• **Aim of the exercise**
Quote the whole listing exactly. Leave the pictures out of your copy.

• **Data below**
········

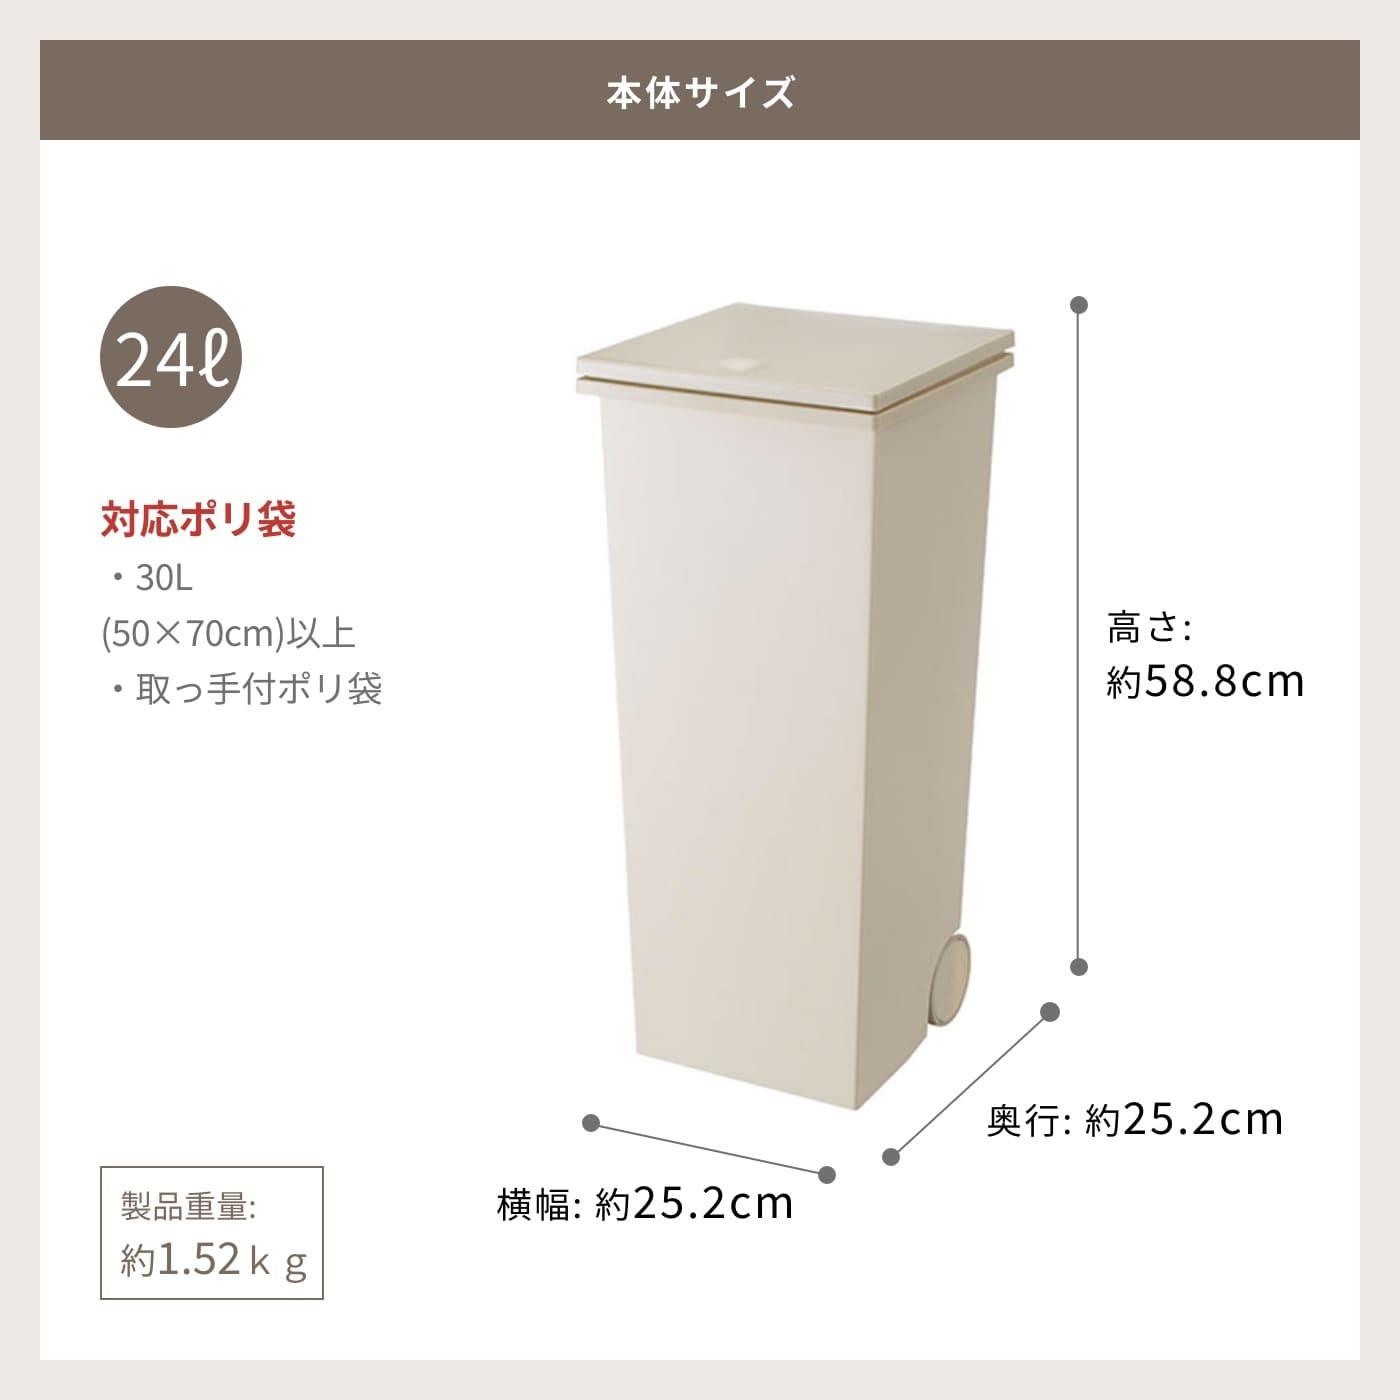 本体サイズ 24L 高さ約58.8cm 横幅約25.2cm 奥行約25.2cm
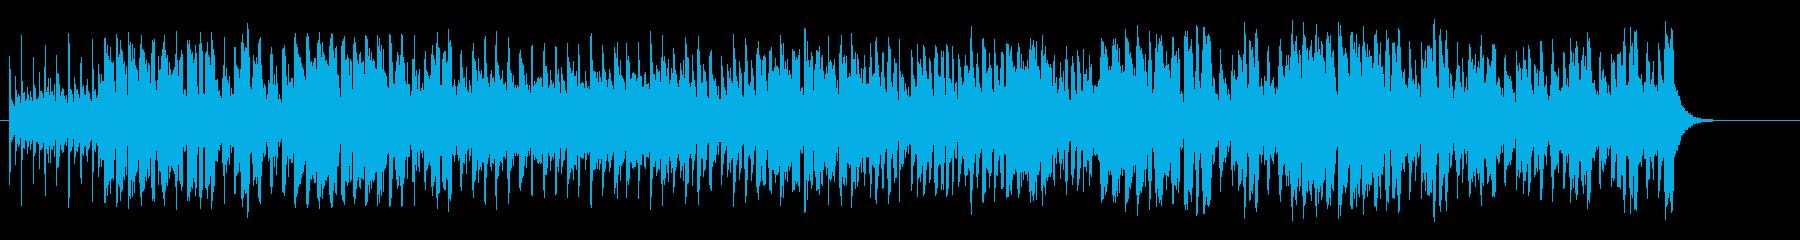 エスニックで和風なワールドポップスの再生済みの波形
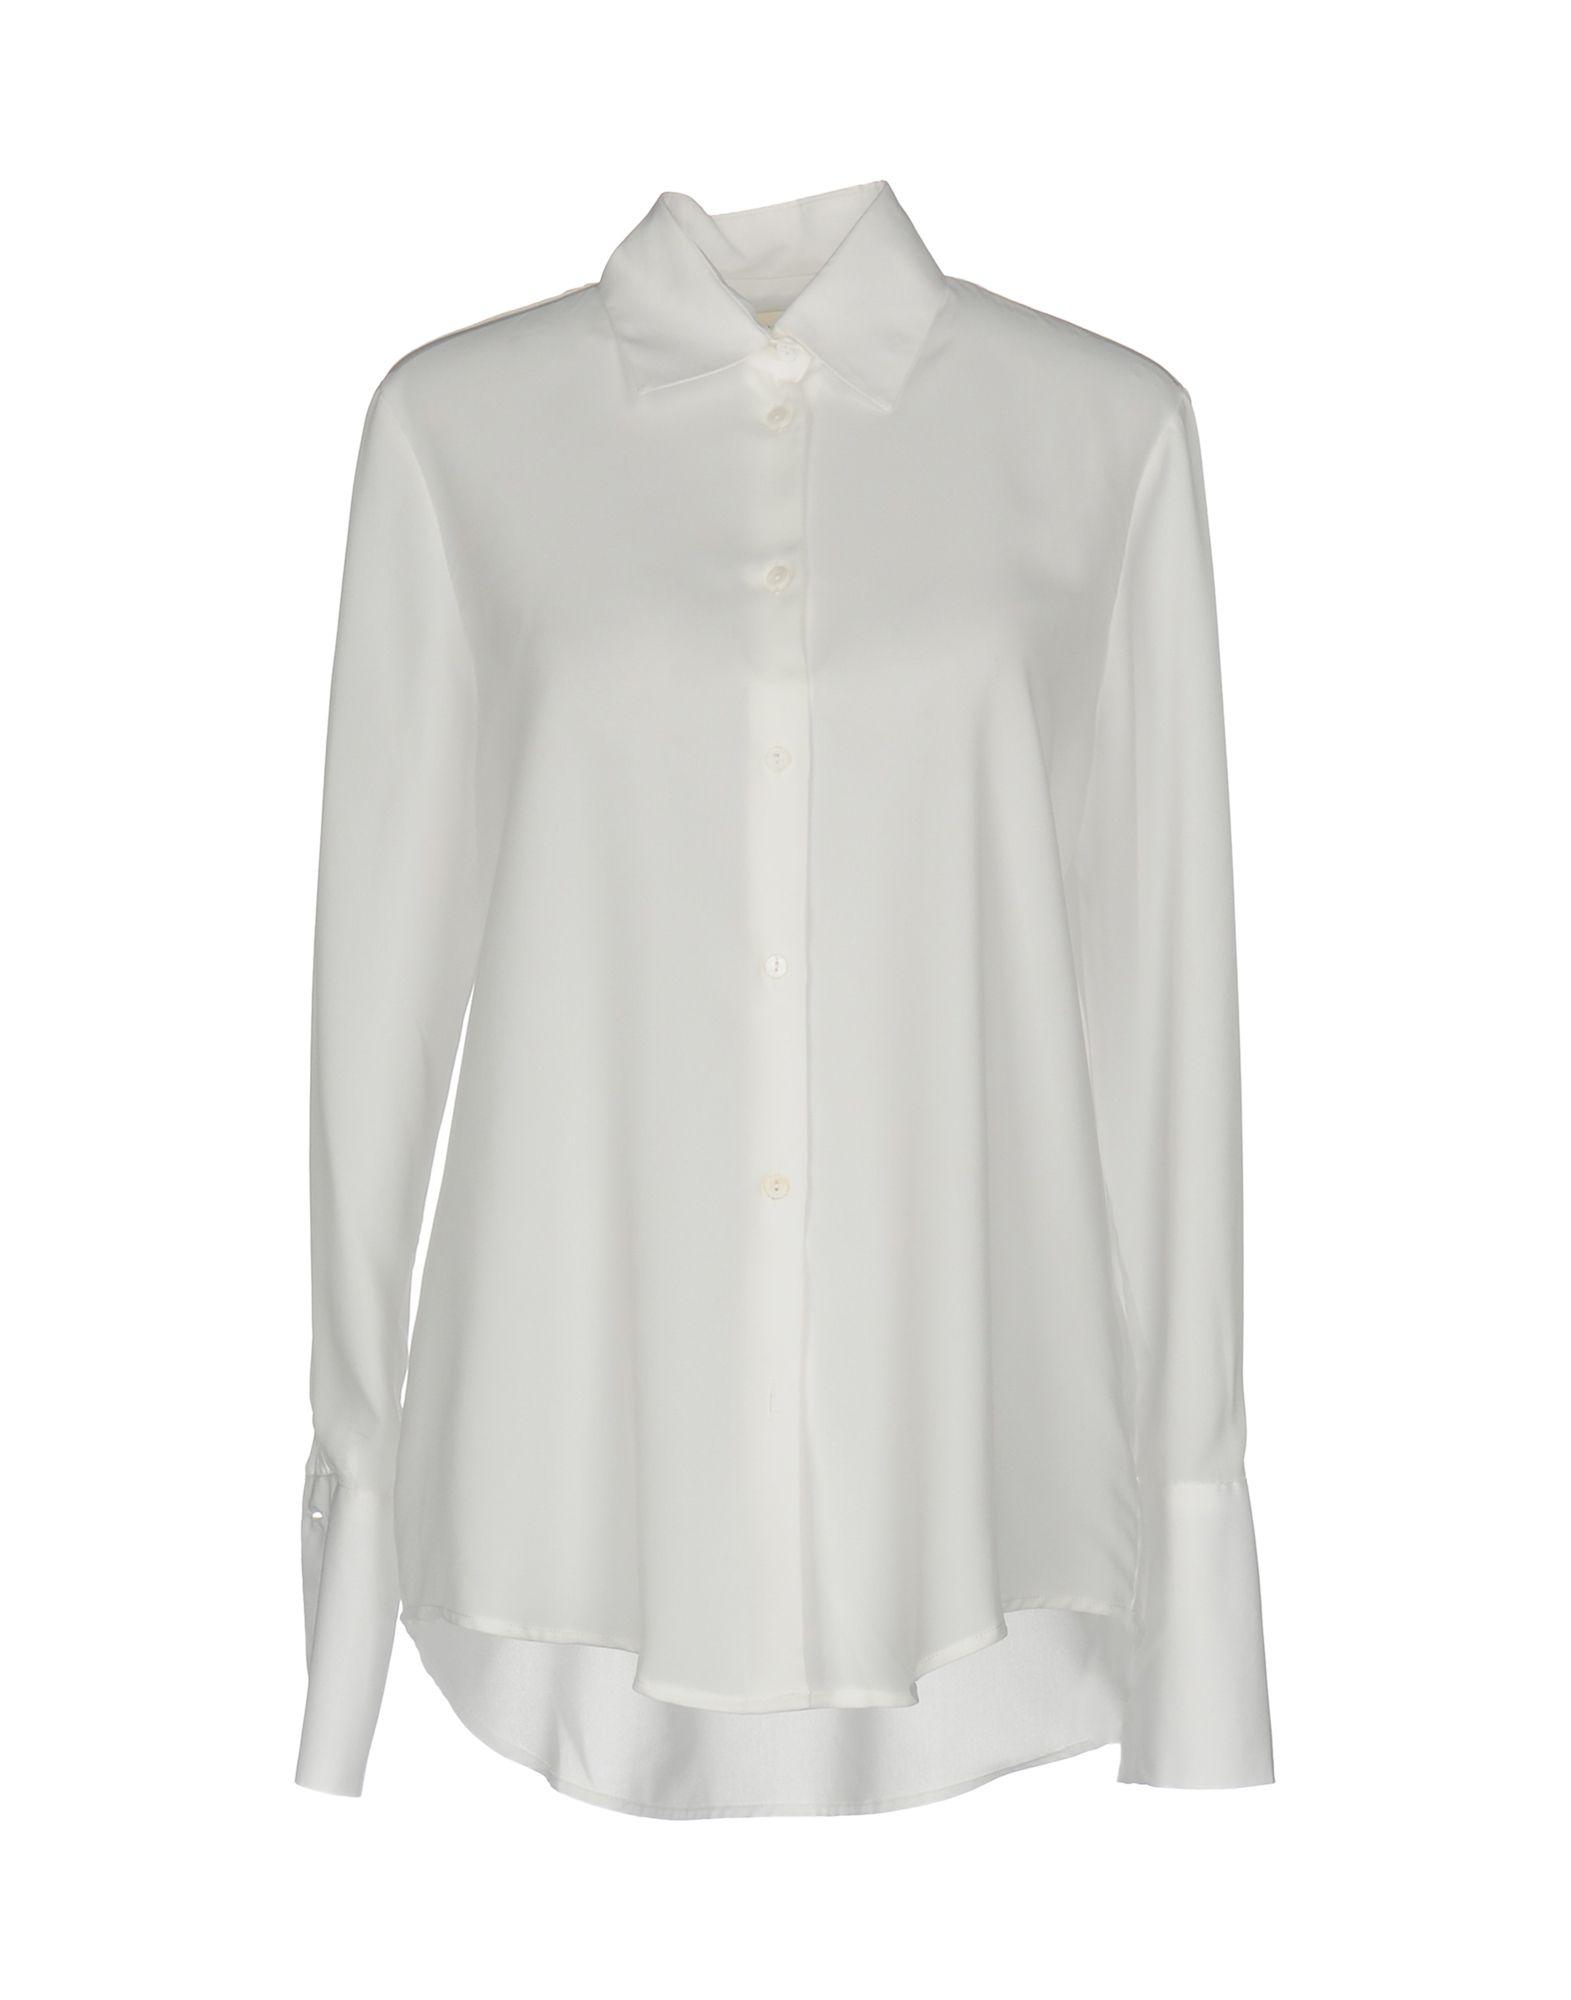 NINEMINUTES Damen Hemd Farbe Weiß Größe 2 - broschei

········

• **Exercise response**
 本体サイズ 24L 高さ約58.8cm 横幅約25.2cm 奥行約25.2cm
 エスニックで和風なワールドポップスの再生済みの波形
 NINEMINUTES Damen Hemd Farbe Weiß Größe 2 - broschei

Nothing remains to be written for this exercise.